Available data →
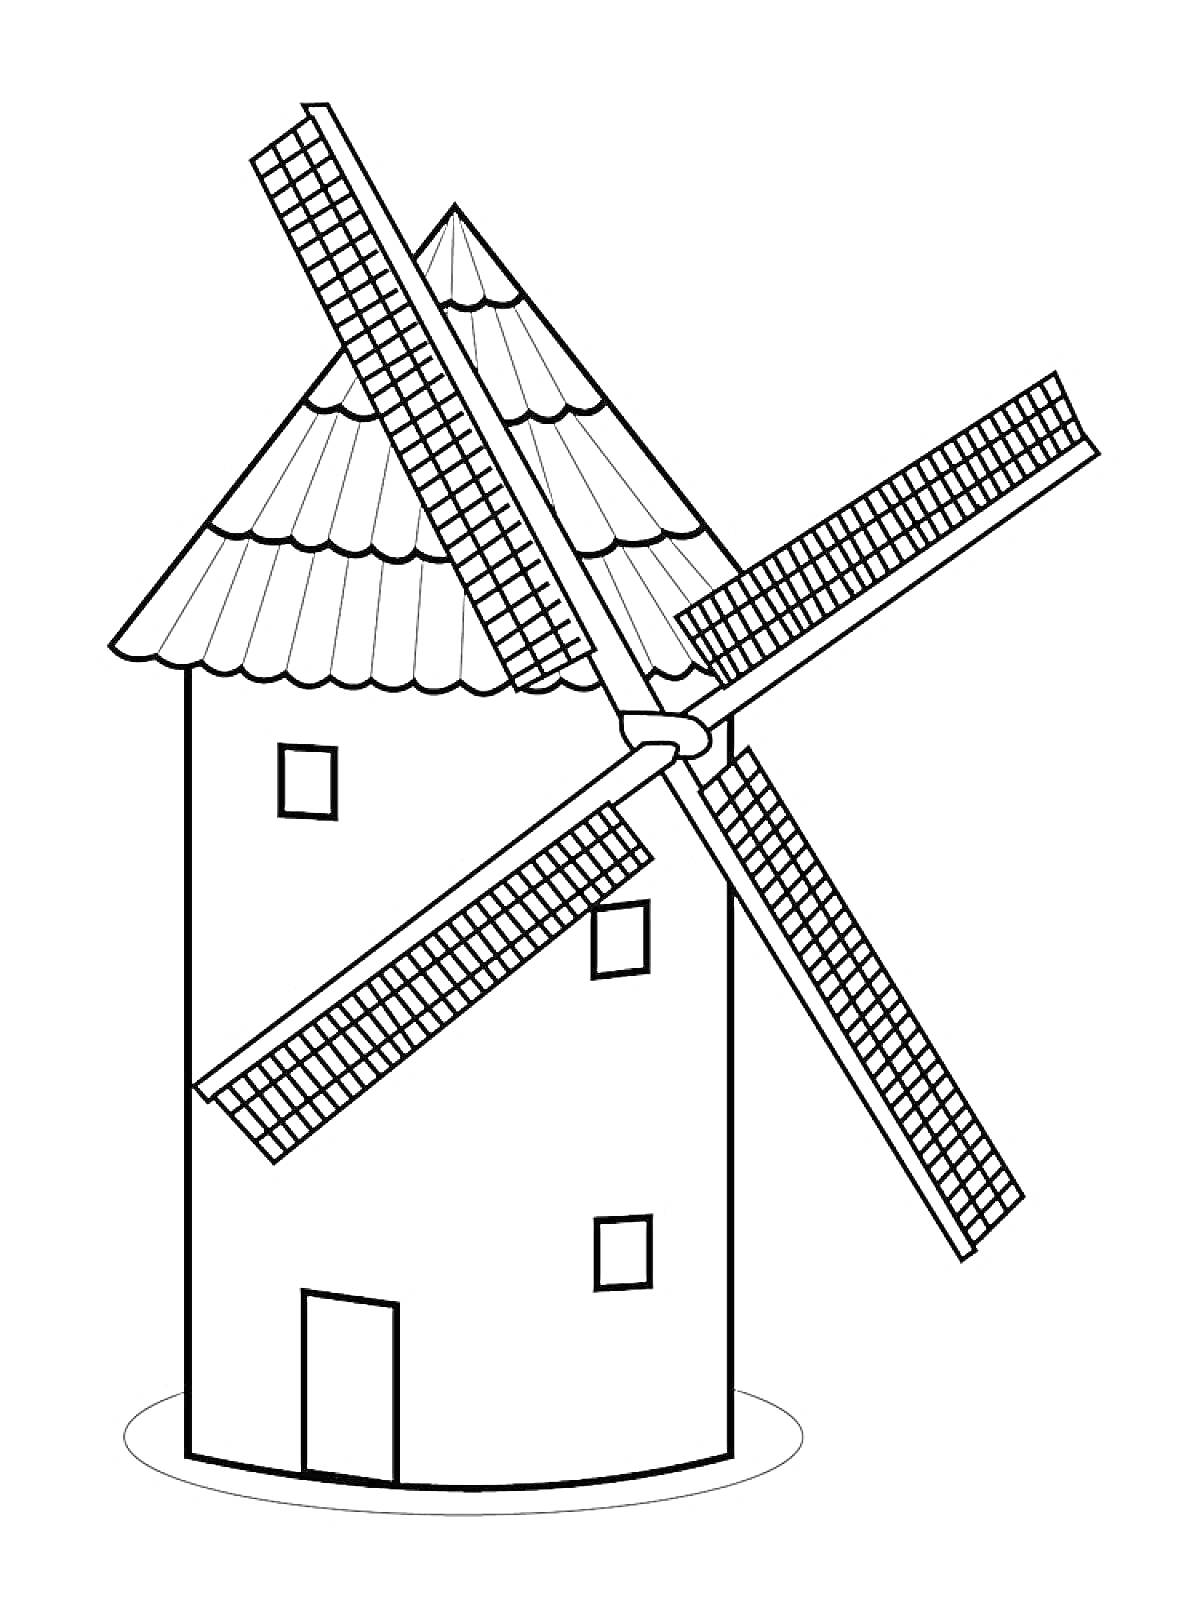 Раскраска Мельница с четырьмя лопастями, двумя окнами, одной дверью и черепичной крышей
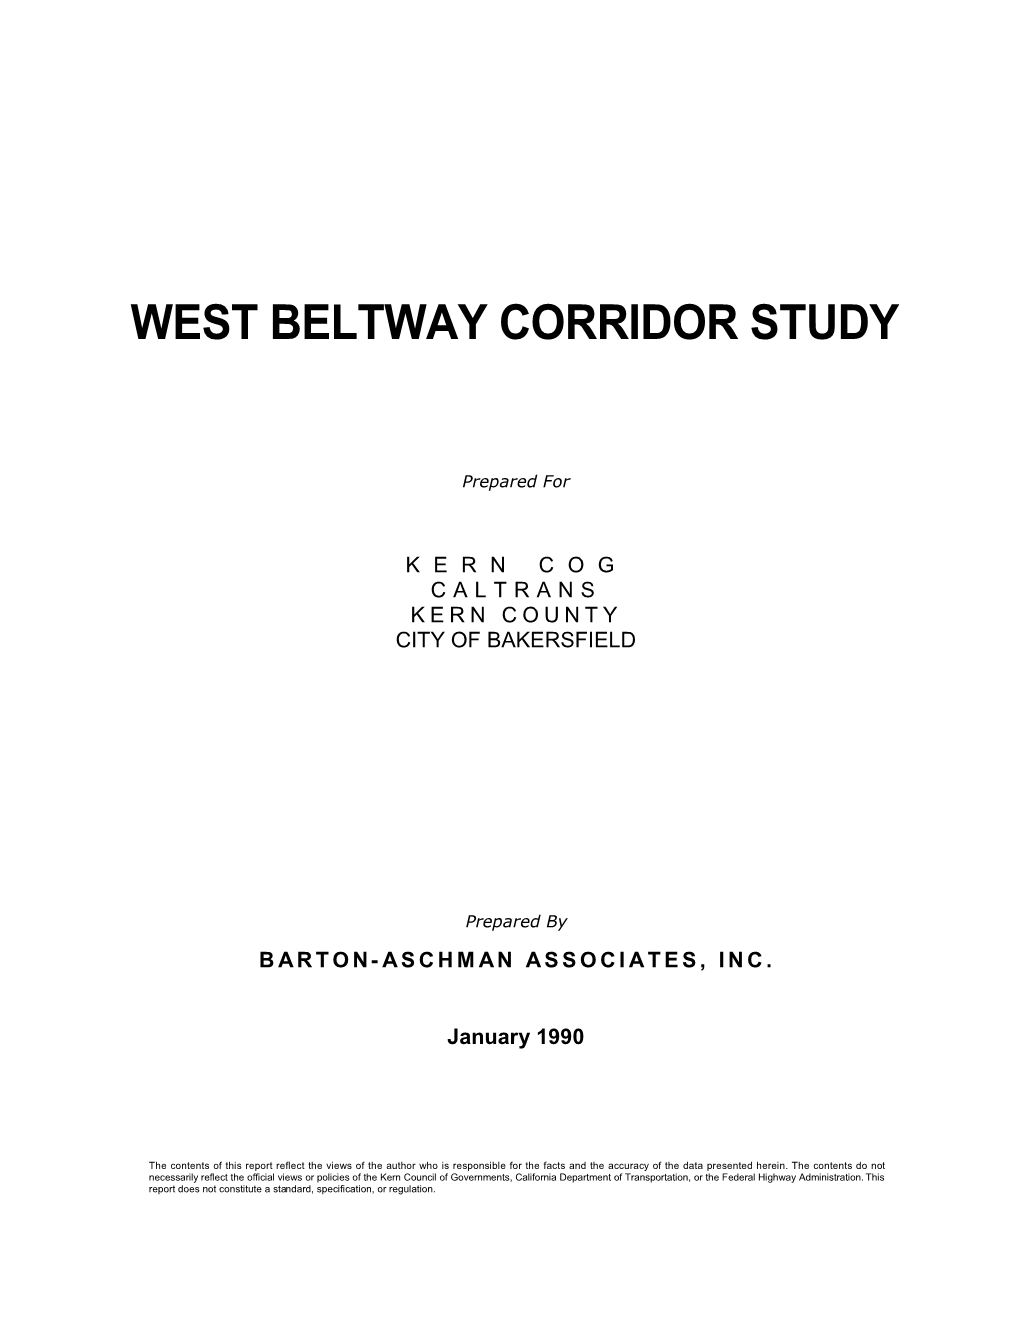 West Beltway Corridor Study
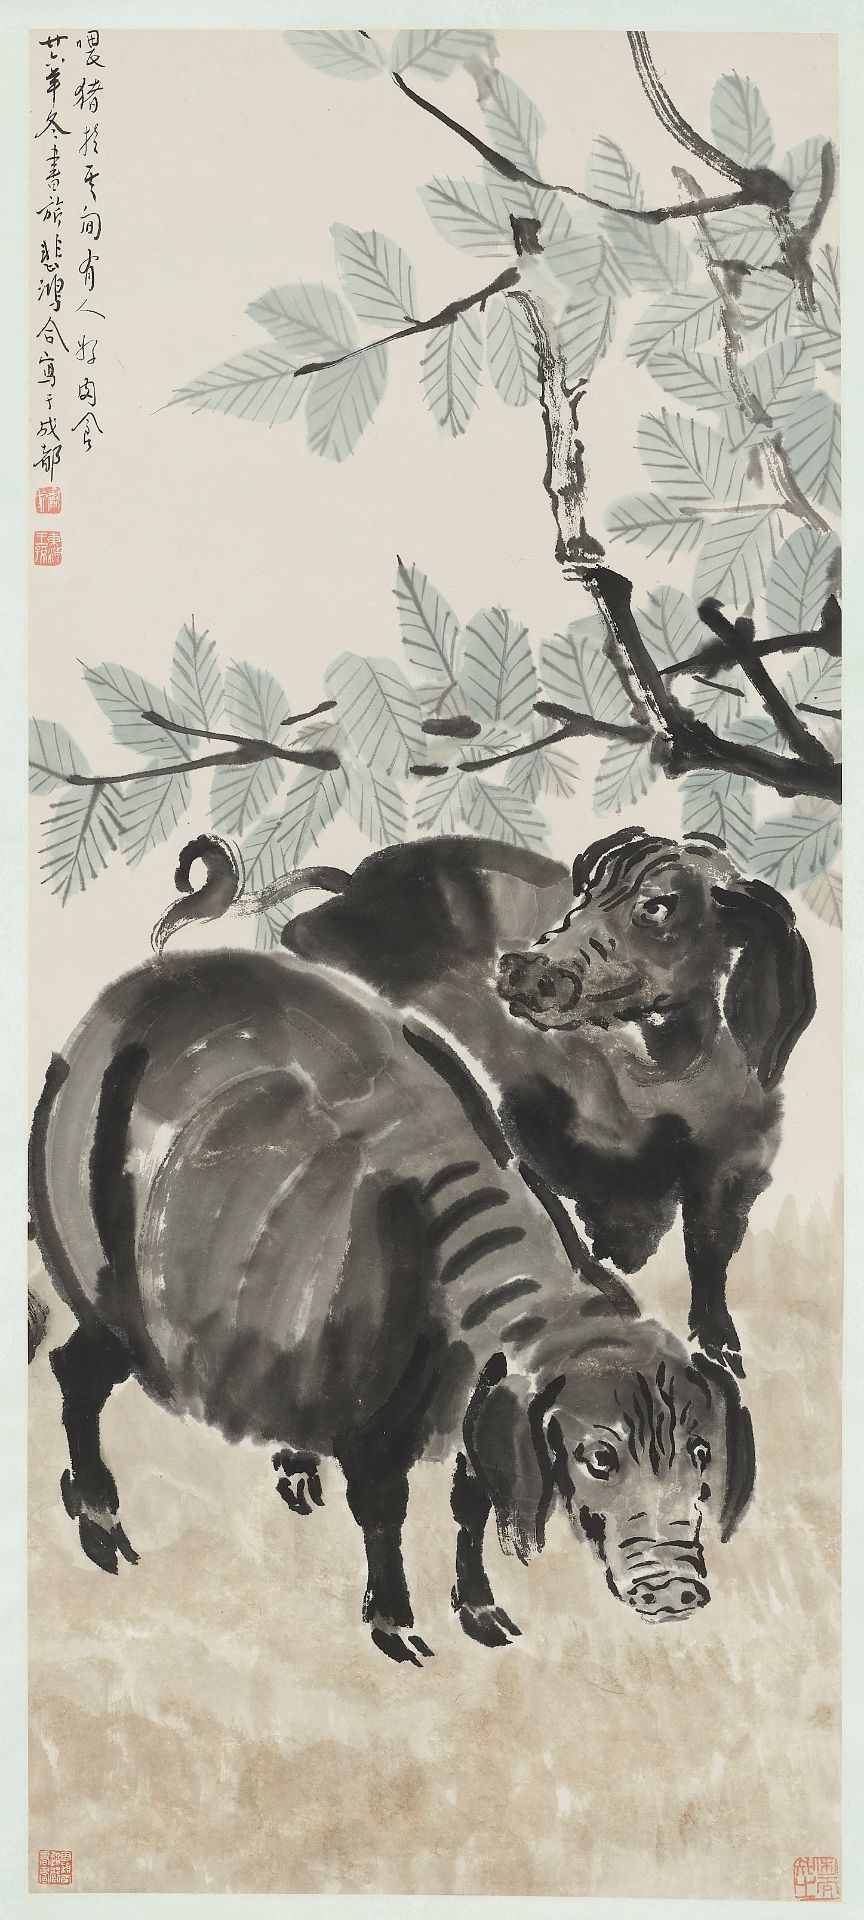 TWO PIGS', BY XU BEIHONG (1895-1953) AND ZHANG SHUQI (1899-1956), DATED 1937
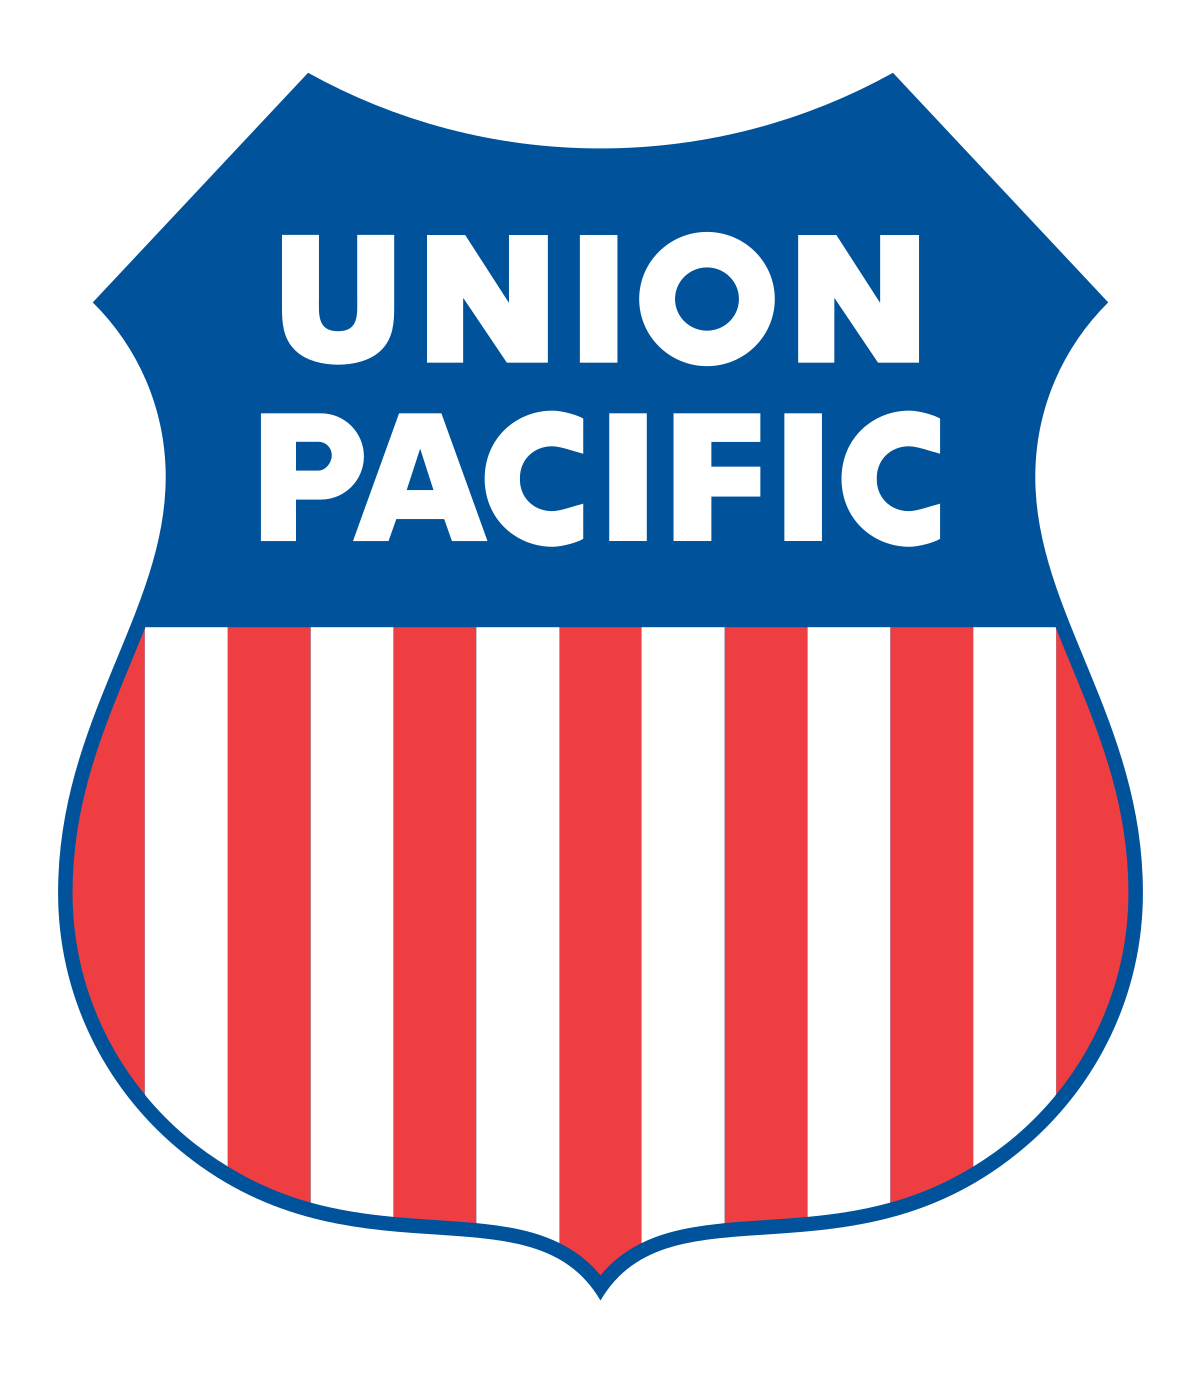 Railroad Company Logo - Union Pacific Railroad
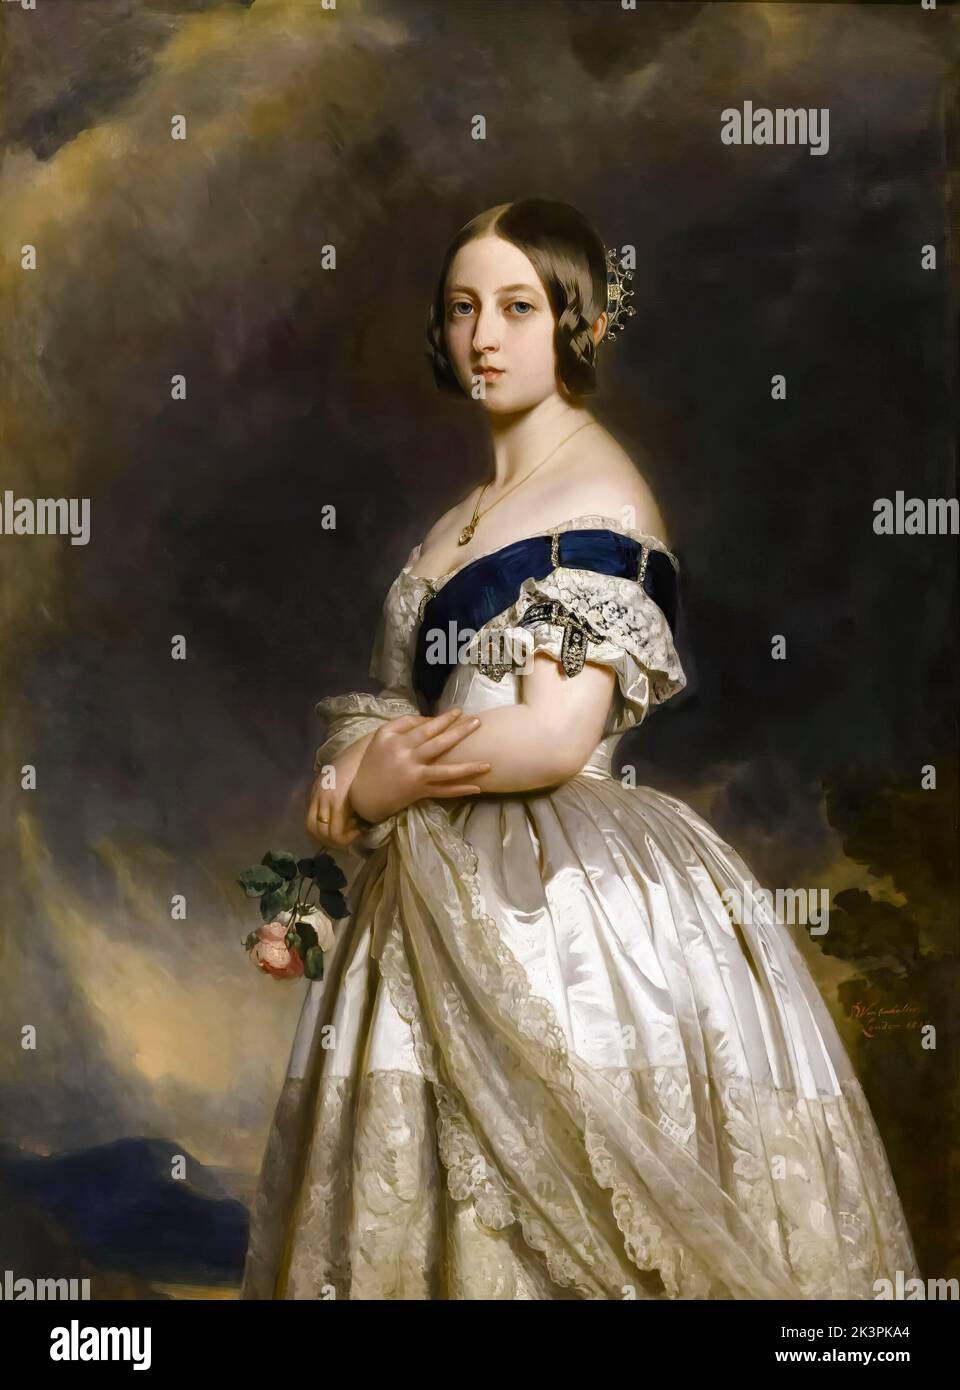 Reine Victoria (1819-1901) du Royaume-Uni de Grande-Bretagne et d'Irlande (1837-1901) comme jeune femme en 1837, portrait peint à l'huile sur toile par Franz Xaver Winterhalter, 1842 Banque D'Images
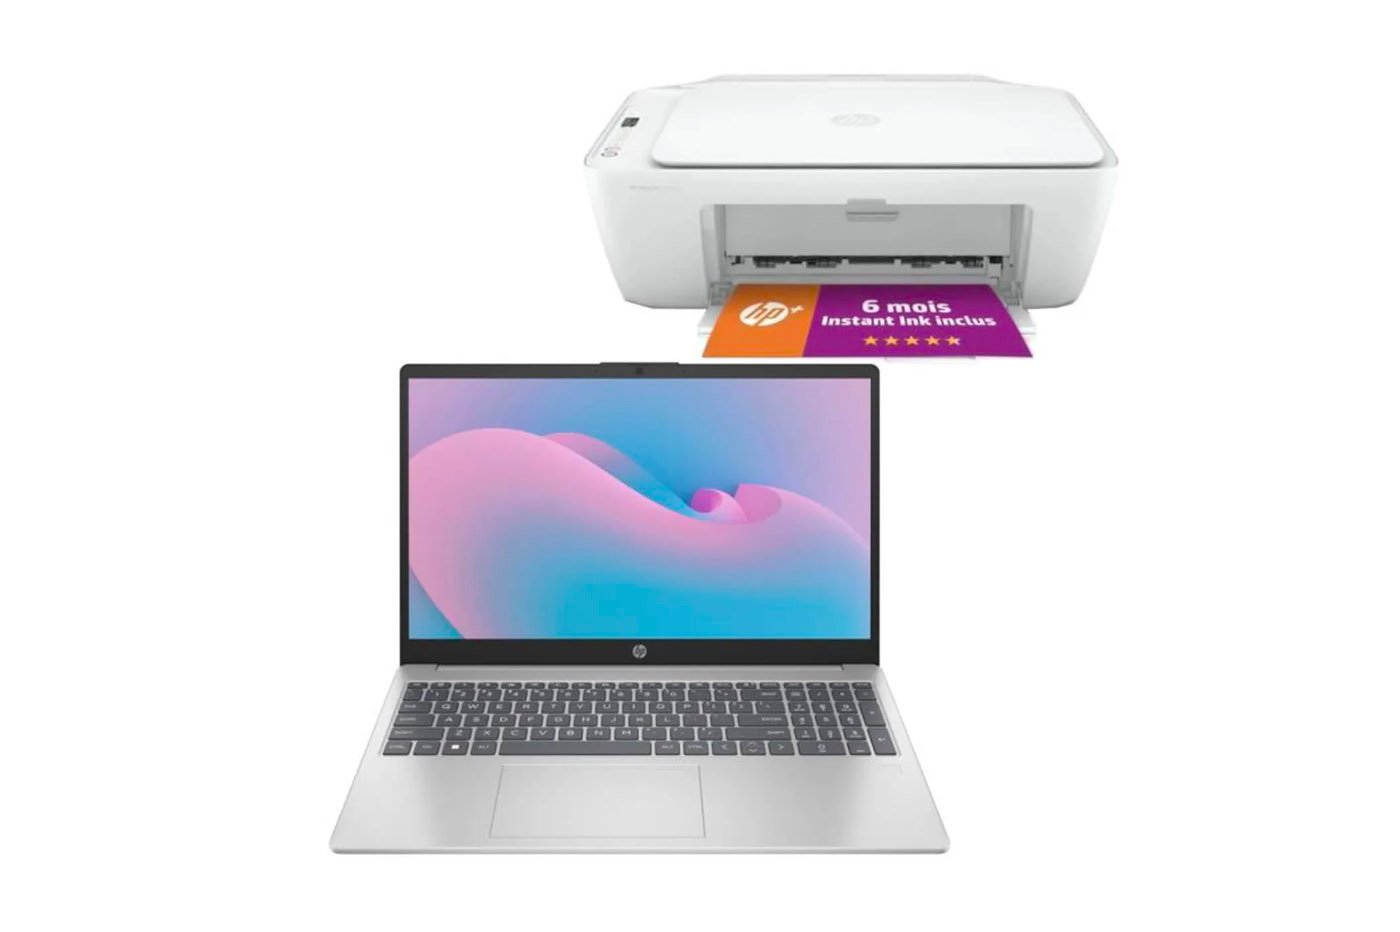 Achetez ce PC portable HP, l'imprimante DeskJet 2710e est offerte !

What the task asks →
The line containing "Reine Victoria (1819-1901)" marks the start: set down exactly that line and every line after it through the last line of the data, without any pictures.

Solution to the exercise →
 Reine Victoria (1819-1901) du Royaume-Uni de Grande-Bretagne et d'Irlande (1837-1901) comme jeune femme en 1837, portrait peint à l'huile sur toile par Franz Xaver Winterhalter, 1842 Banque D'Images
 Achetez ce PC portable HP, l'imprimante DeskJet 2710e est offerte !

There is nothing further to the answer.